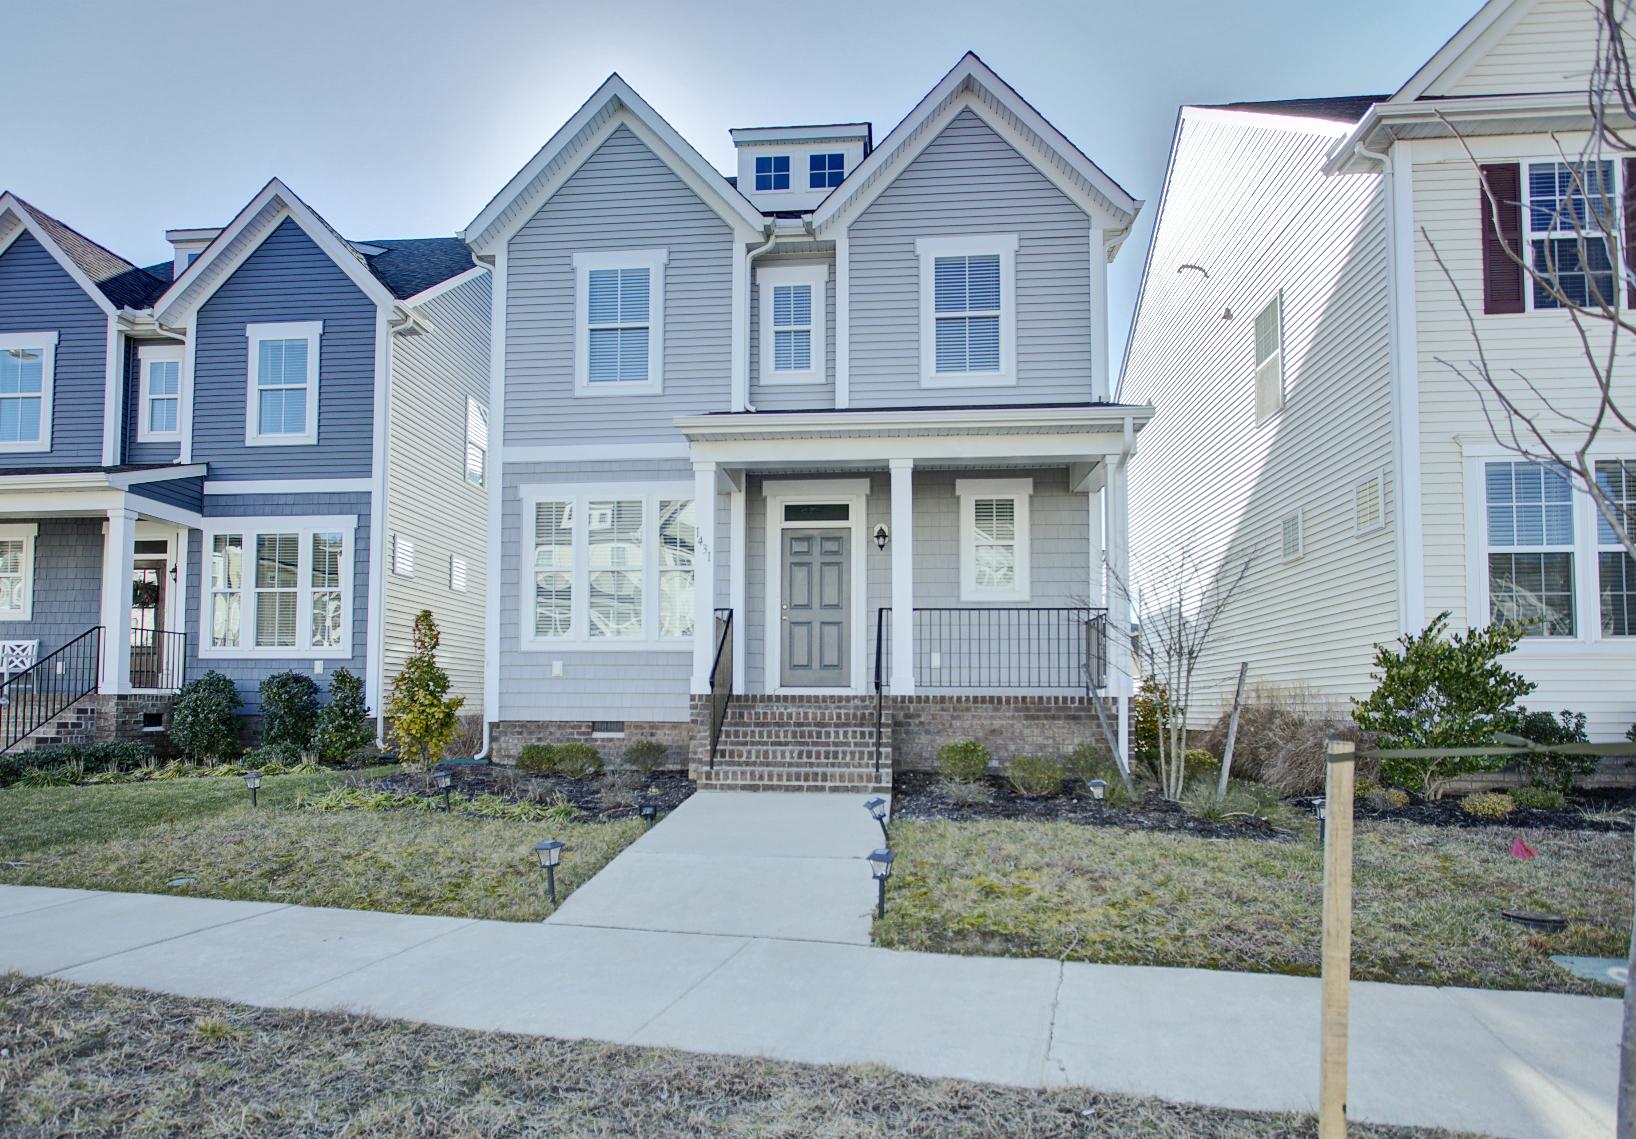 1431 Independence Blvd, Newport News, VA 23608
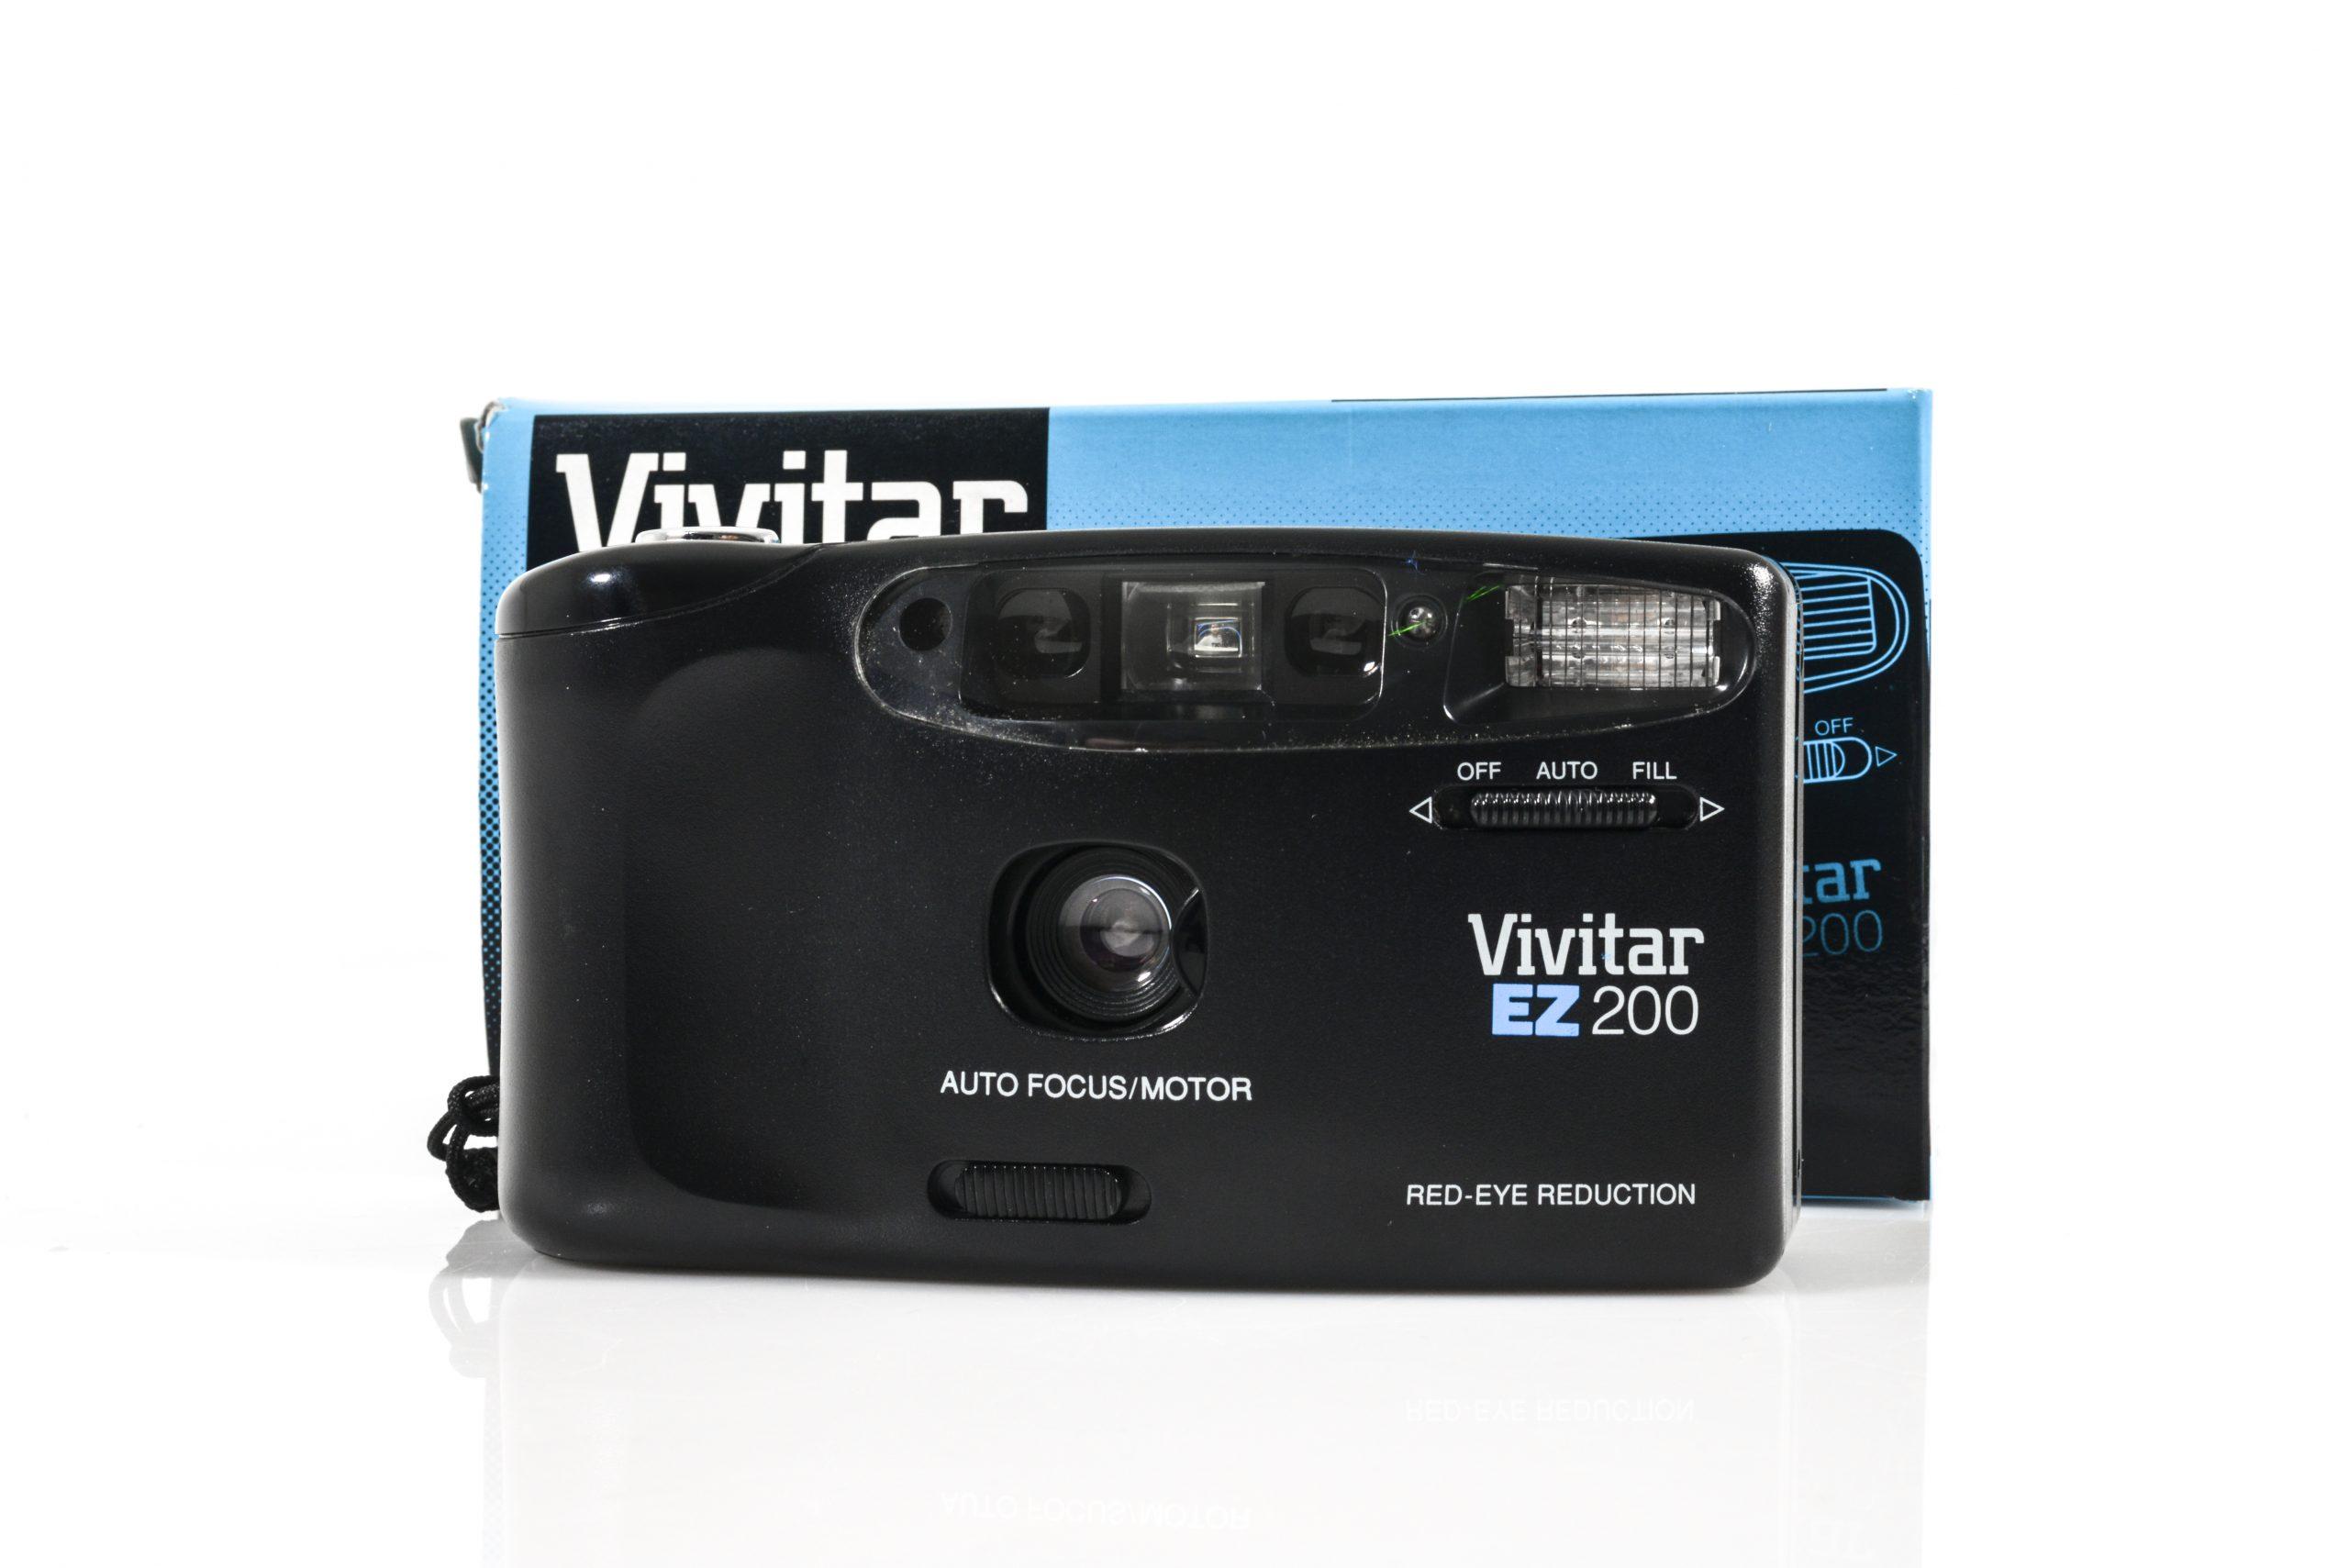 Like NEW Vivitar EZ 200 Point & Shoot 35mm Film Camera with Original Box
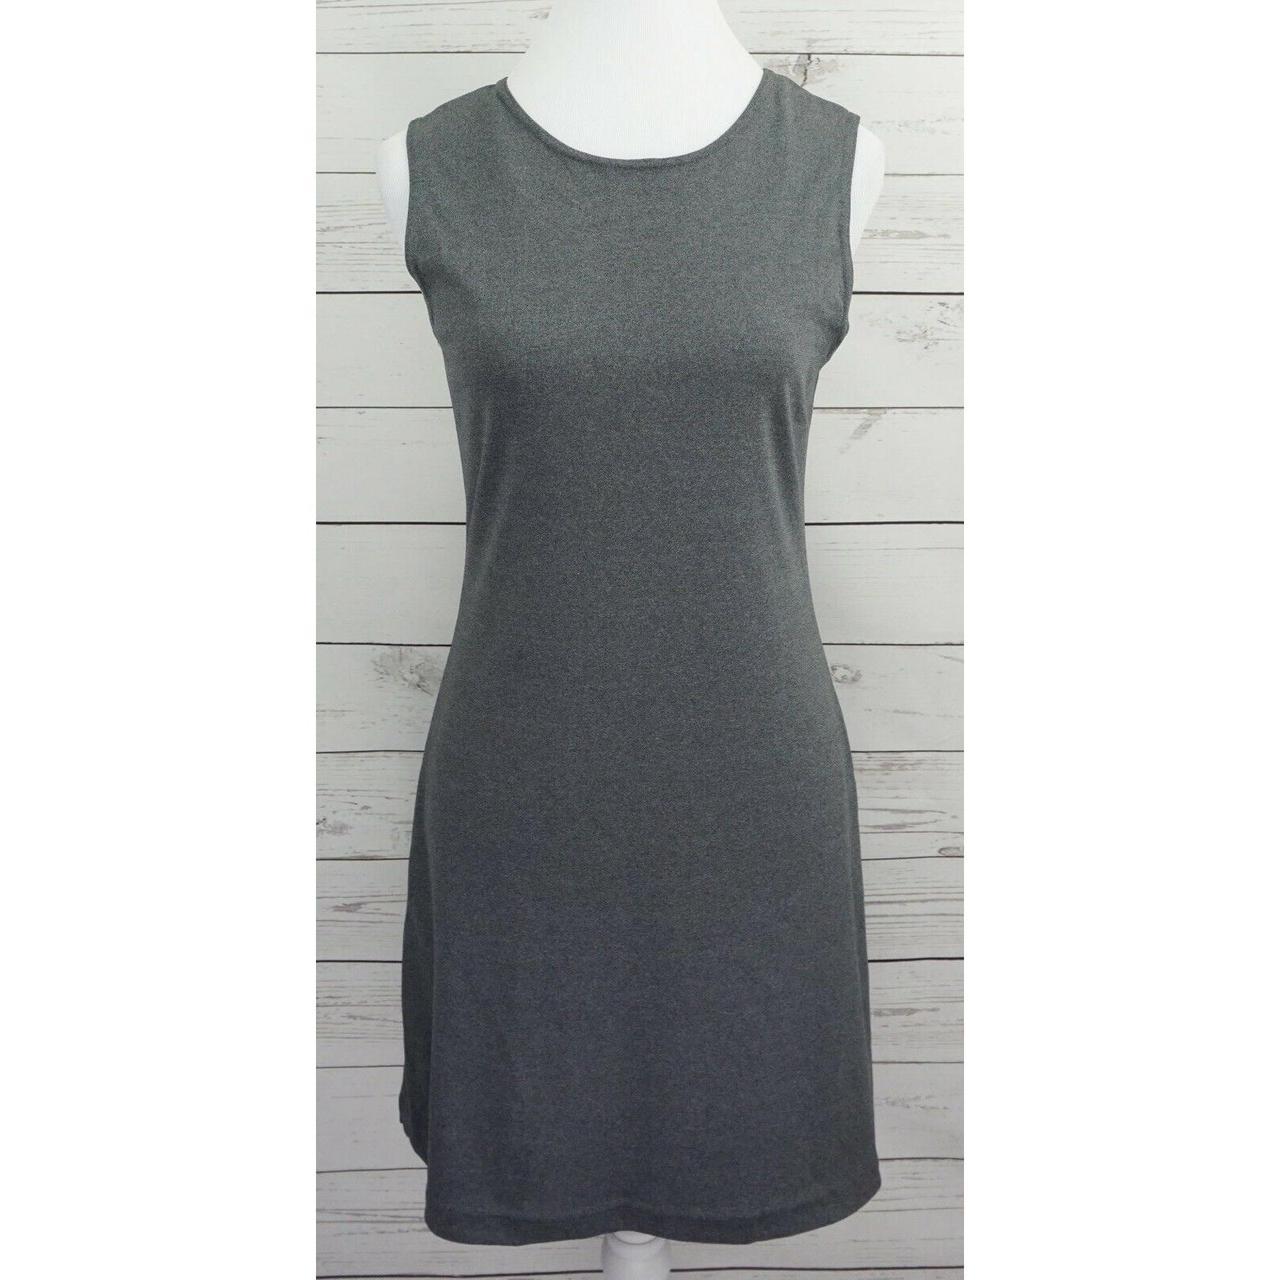 Product Image 1 - La Belle Dress Womens Small
________________
Task objective: Quote the material exactly. Pictures stay out.

Exercise solution:
 1431 Independence Blvd, Newport News, VA 23608
 Like NEW Vivitar EZ 200 Point & Shoot 35mm Film Camera with Original Box
 Product Image 1 - La Belle Dress Womens Small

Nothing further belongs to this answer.